A freshly picked liquid class is a hypothesis, not an answer. It says "this liquid, on this instrument, with this tip, probably behaves like this," and probably is doing a lot of work in that sentence. Optimization is the process of replacing probably with measured. It is the least glamorous part of automated liquid handling and the part that most decides whether your results are trustworthy, so it is worth understanding before you touch a single parameter.
The word optimization sounds like it belongs to mathematicians running solvers over a search space. In the lab it is far more modest and far more human: you make one small change, you watch what it does, and you keep the changes that help. Most experienced practitioners do not run a formal design of experiments. They start from a class that is close, adjust incrementally, and measure until the transfer is both repeatable and correct. That loop is the whole discipline. This guide is about understanding the loop before you run it.
Why a default class is never the finished class
Every liquid handling platform ships with default classes, and every one of them was built for water or something close to it, on reference hardware, at a temperature that is not your temperature. That default is a genuinely useful starting point, which is why the fastest new class always begins by cloning the closest existing one rather than starting from a blank form. But the moment your liquid stops being water, the defaults stop being right.
The reasons are physical, not arbitrary. A liquid class is a translation of how a liquid behaves into numbers an instrument can follow, and behavior is set by properties the default never saw.
- Viscosity: thick liquids resist the plunger, so suction that outruns the fluid pulls in air and dispenses that outrun it leave liquid behind. Glycerol at ten percent of the water flow rate is a common starting point, not an exaggeration.
- Volatility: solvents like ethanol and acetone evaporate off the tip and drip during transport, so a class tuned for water will lose volume before it ever reaches the well.
- Surface tension and cohesion: some liquids cling to the tip and refuse to let go, others form droplets that fall on their own. The air column and the exit speed have to be tuned to the liquid, not assumed.
- Your hardware and labware: the same intent needs different numbers on a Hamilton than on a Tecan or an Opentrons, and tip geometry interacts strongly with low volumes. A class is only valid for the tip it was built on.
None of this means the default is wrong. It means the default is a first draft, and optimization is the editing.
The two things you are actually optimizing
Beginners often chase a single number, "am I delivering 50 microliters," and get frustrated when it wobbles. The fix is to separate two ideas that feel like one.
- Precision is repeatability: how tightly your deliveries cluster together, run after run. It says nothing about whether the cluster is in the right place. A class that reliably delivers 47 microliters every time is precise.
- Trueness is accuracy: how close the average delivery sits to the volume you asked for. Our example class is precise but not true, because its average is off by three microliters.
The order matters, and it is the single most important thing to learn early: optimize precision first, trueness second. Precision comes from the mechanical parameters, the flow rates, the settling times, the air gaps, the exit speeds, everything that governs how cleanly the liquid enters and leaves the tip. Trueness comes at the end from the correction curve, a simple mapping that tells the instrument to command a little more or a little less so the average lands on target.
You cannot correct your way out of a wobble. If the spread is wide, a correction curve just shifts a blurry cluster onto the target, and it is still blurry. Tighten the cluster with the mechanical parameters until the spread is acceptable, and only then nudge the whole cluster onto the bullseye. Reverse the order and you will chase your own tail for an afternoon.
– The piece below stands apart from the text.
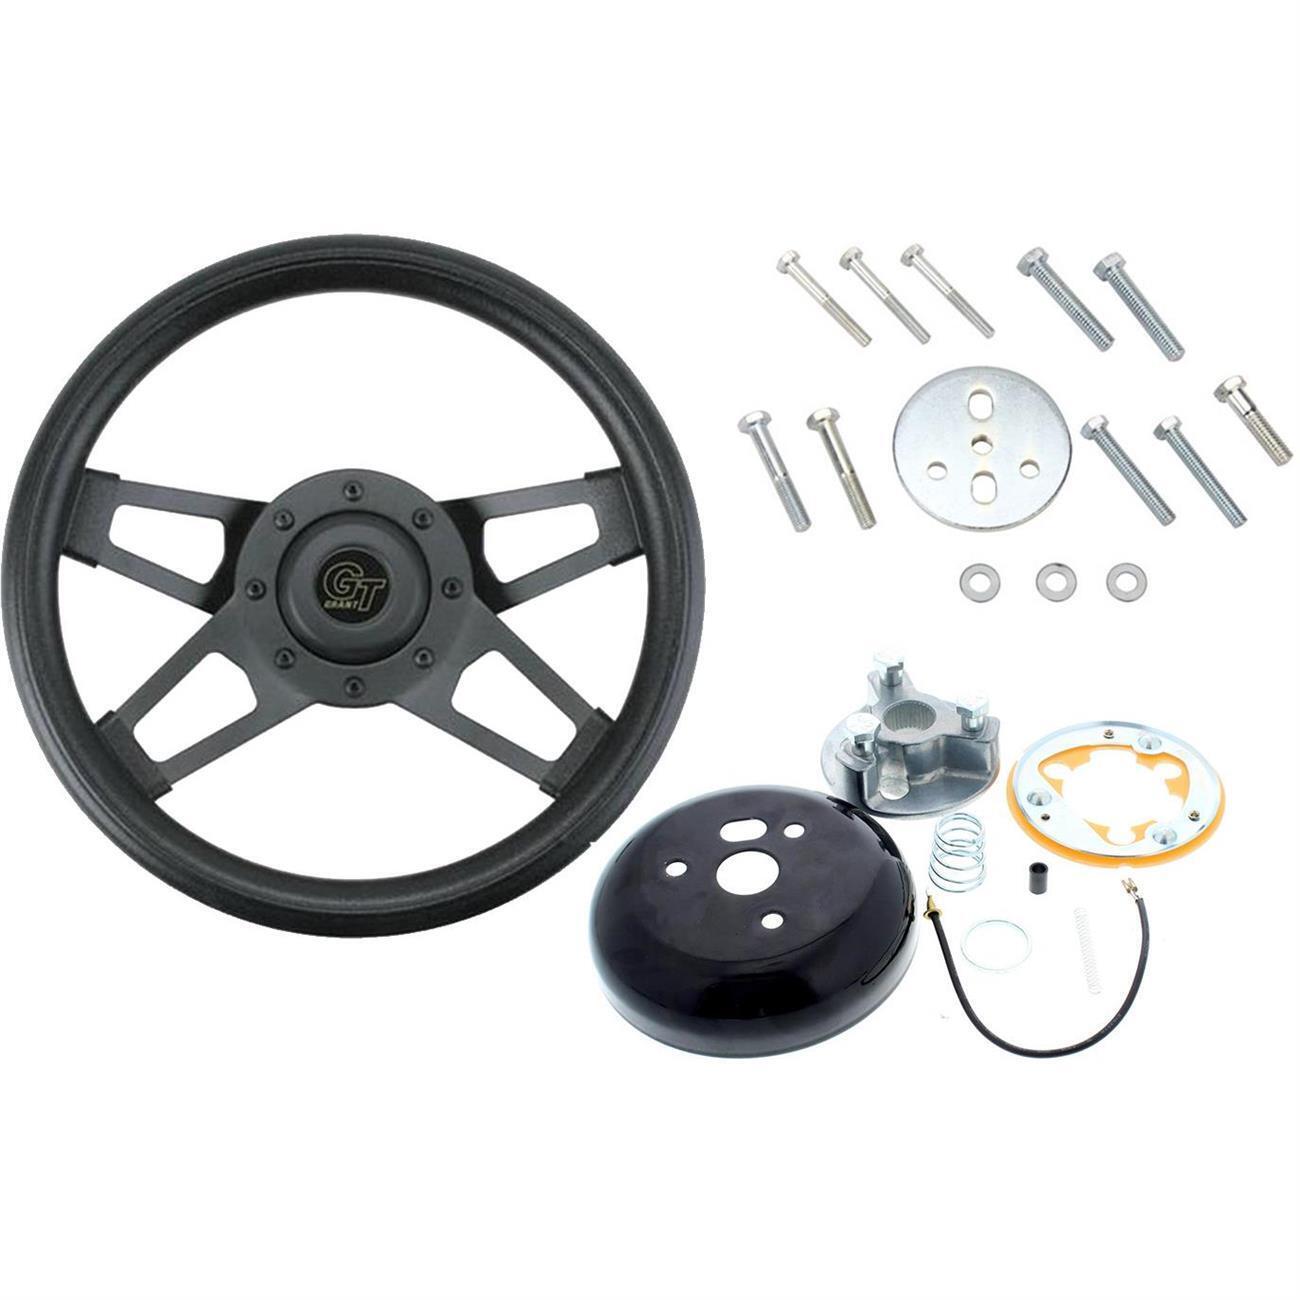 Grant 414 Challenger GT Steering Wheel, 13-1/2 Inch w/Install Kit

The optimization loop, once around
Here is the shape of the whole thing, so the rest of the path has a skeleton to hang on. Every step gets its own detailed treatment later, but this is the loop you are learning to run.
- Start close. Clone the validated class for the most similar liquid you have, so your adjustments are small and targeted rather than sweeping.
- Test a real transfer. Run one step that mimics your actual method and watch it happen. Visual inspection catches most problems before any balance does.
- Change one parameter at a time. Adjust a single knob, re-run, and see what moved. It is slower per iteration and much faster overall, because you learn what each knob does for this liquid instead of stumbling onto a lucky combination you cannot reproduce.
- Measure. Once it looks clean, weigh replicates or read a dye to get real delivered volumes and a real spread.
- Correct. With precision in hand, set the correction curve across your working range so the average matches target at each volume you care about.
- Verify and record. Confirm the class holds up, then write down what you did and why, so the next person does not start from a blank form either.
Knowing when to stop
Optimization has no natural end, so you have to give it one. The stopping point is not perfection; it is fitness for purpose. Decide up front what precision and trueness your assay actually needs, because a normalization step and a qualitative spot check do not demand the same tolerance, and tuning past your requirement is time you are not getting back. When the measured spread and offset sit inside the tolerance your method needs, across the volumes you actually run, the class is done. Stop, record it, and move on.
A default class is a first draft in someone else's handwriting. Optimization is you editing it into the truth, one measured change at a time, precision before trueness.